Прижав к носу платок, он оттащил адвоката на обочину, чтобы могла проехать машина. Эдриен почувствовал пыль, гравий. Попытался подползти к Фэрклоту, но судорожно закашлялся.

– Не рыпайся! – Престон опять приставил ногу к горлу Эдриена.

Автомобиль вернулся через считаные секунды.

– Никого там нет. – Оливет хлопнул дверцей. – Одно пустое пожарище.

– Дай мне ствол. Бери его. – Башмак убрался, и Эдриен беспомощно наблюдал, как Престон хватает Фэрклота за лодыжки и тащит его по дорожке. Старик был в сознании, но лишь едва. Одна рука бессильно поднялась вверх, когда он исчезал по мгле, и Престон повысил голос:

– Это ведь ты переживал насчет машин, Оливет, так что давай пошевеливайся.

– В смысле пошевеливайся? – спросил Оливет.

– Просто давай его сюда.

Оливет вздернул Эдриена под мышки и поставил на ноги. Ночь прекратила кружиться.

– Не заставляй меня воспользоваться вот этим! – Оливет тоже достал дубинку. – Сам знаешь, какой он, когда на него находит!

– Фэрклот…

– Не болтай. Просто двигайся.

Рука утвердилась на спине Эдриена и пихнула его так, что он споткнулся. В первый раз сумел удержаться на ногах. Второй толчок повалил его на землю; после этого Оливет тоже поволок его по земле.

Это было недалеко.

Старик был у Престона на плечах, ярдах в двадцати дальше по дорожке.

– Вот, смотри. Никаких машин. Волноваться нечего.

– Что ты делаешь, Престон? – Оливет бросил Эдриена на дорожку. – Это не то, что нужно начальнику.

– А мне не насрать?

– Он ничего не скажет. Сам знаешь. Мы все это и раньше уже проходили.

– А раньше у нас не было адвоката.

– Да ладно тебе, слышь? – Оливет шагнул было вперед, но Престон уже стоял за спиной обмякшего старика, обхватывая его толстенной ручищей за шею. – Нам, типа, нужно было только наблюдать!

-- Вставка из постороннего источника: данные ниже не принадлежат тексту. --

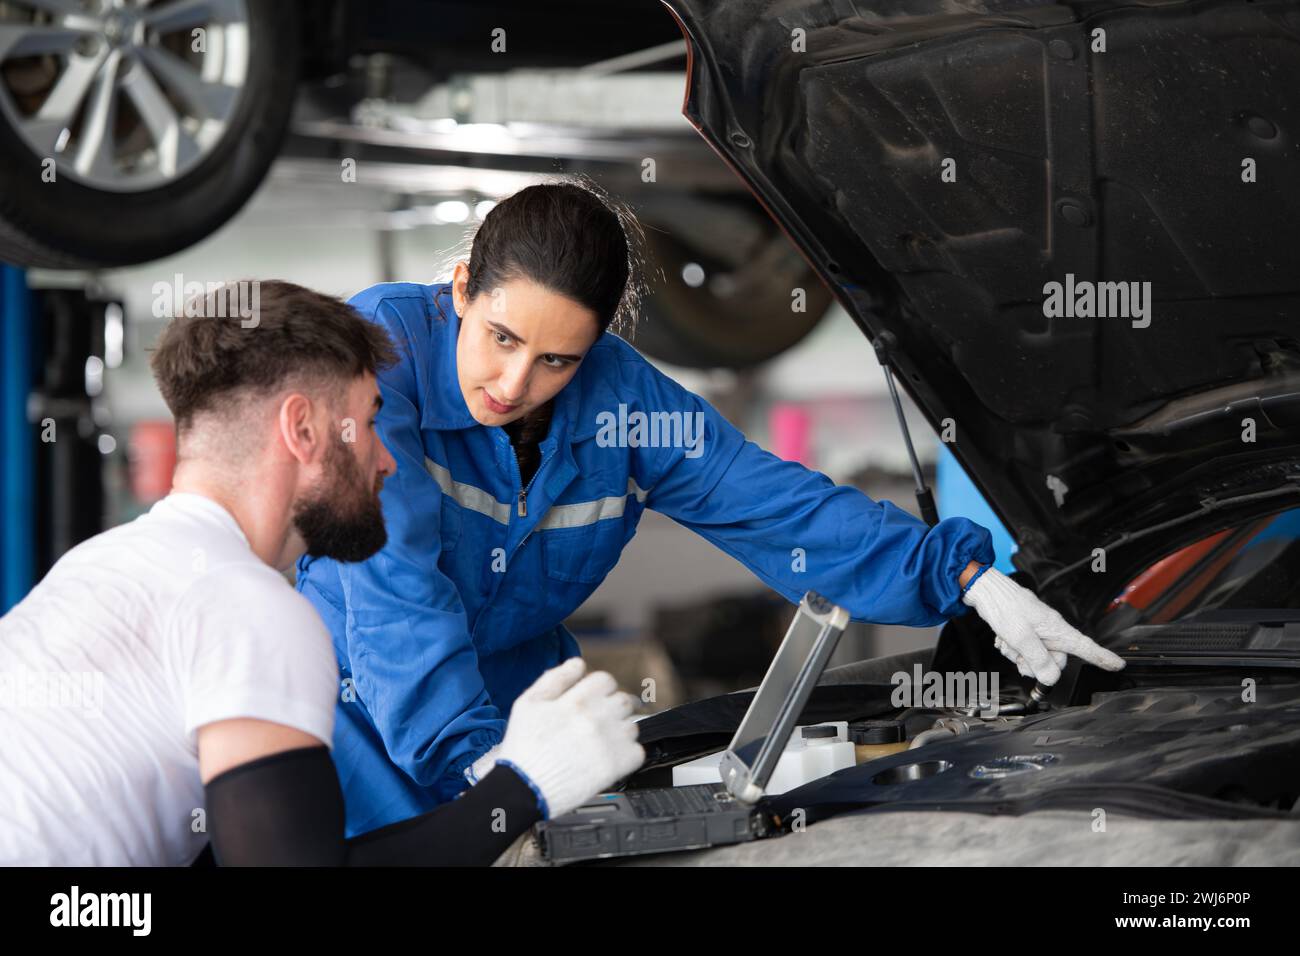 Professioneller Automechaniker, Mann und Frau, die zusammen in einer Autowerkstatt arbeiten. Stockfoto

Просто на всякий случай.

– А вот посмотри-ка на него! – Престон имел в виду Эдриена. – Посмотри на него и скажи мне, что я не прав. Ради адвоката он точняк расколется.

– Я убью тебя! – Эдриен привстал на колени. – Фэрклот…

– Держи его, – распорядился Престон. – Заставляй смотреть.

Оливет подсунул дубинку Эдриену под подбородок и вздернул ему голову. В пяти футах от него Престон проделал то же самое со стариком. Плакса пробовал вырываться, но слишком слабо – тонкие ноги волочатся по земле, руки в старческих пятнышках на ручище Престона. Эдриен попытался позвать его по имени, но Оливет посильней вздернул дубинку.

– Спешить не будем.

Престон зажал в кулаке мизинец адвоката, и Эдриен посмотрел на лицо Фэрклота, когда палец сломался. Он знал, насколько это больно, но старик даже не вскрикнул.

Эдриен шумно выдохнул, выдавил:

– Прекрати. Не надо.

Престон взялся за другой палец.

– Я все тебе скажу.

– Знаю, что скажешь!

Хрустнул второй палец, и когда Плакса вскрикнул, Эдриен вскрикнул тоже. Стал лягаться и выворачиваться, но Оливет со всей силы навалился на дубинку, и ночь стала красной, а потом черной. Эдриен, задыхаясь, судорожно шарил у горла скрюченными пальцами, но быстро провалился во тьму.

А когда очнулся, то был уже совсем один там, где упал. Без дубинки у горла. Воздух с хрипом вливался в легкие. Эдриен совершенно не представлял, сколько провалялся без сознания, но похоже, что долго. Десять минут? Больше? В глотке пересохло, липкая кровь на губах. Он перекатился на колени, услышал голоса, поднял взгляд. Оливет с Престоном стояли над старым адвокатом, который бился на земле, закатив до белков оба глаза – пятки барабанят по земле, в уголках рта собралась слюна.

– Да не знаю я, слышь? Не знаю! – Оливет был явно испуган. – Инфаркт, мля? Инсульт?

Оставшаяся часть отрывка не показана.